И Степанида без улыбки кивает ему, соглашаясь.
Снова возбуждённо гудят и перешёптываются подростки,
— в — тире — уже — не — протолкнуться —
они оттесняют Цахилганова вплотную к стене —
его вместе с тем мужиком,
забывшим закрыть рот
ещё после первого её выстрела.
Кавказец выходит с собственной, потёртой, винтовкой с укороченным стволом и встаёт рядом со Степанидой: лохматый чёрный пожилой дикобраз — с его хрупкой, гладко причёсанной девочкой. Парафиновые свечи пылают снова.

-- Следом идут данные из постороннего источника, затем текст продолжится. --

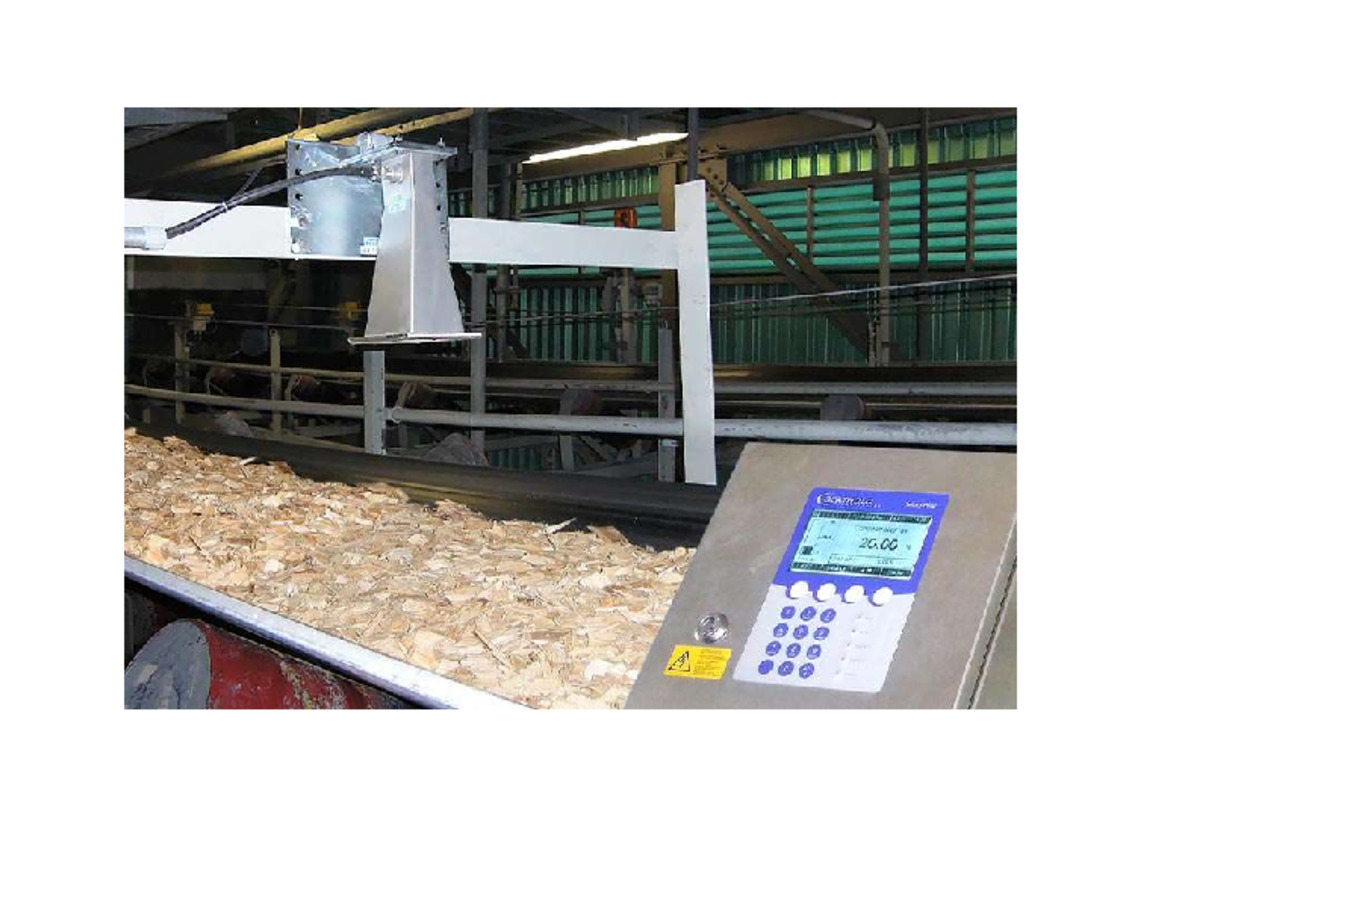 Moisture measurement of wood chips

Одну гасит выстрелом Степанида. Другую погасил прилежный выстрел горного человека.
Подростки с базара болеют за Степаниду, за его Степаниду, все как один! Ах, да, кавказец — казённый человек. А она — пришлая. Своя…
В оглушительной, сосредоточенной тишине раздаются редкие выстрелы: её — его. Степанида выбивает десять из десяти. Кавказец же, непонятно усмехаясь, промахивается на своём восьмом выстреле, потом — на десятом.
Торжествующий вопль подростков
взлетает под железный потолок,
шумящий от летящей поверху пыли,
как от ливня.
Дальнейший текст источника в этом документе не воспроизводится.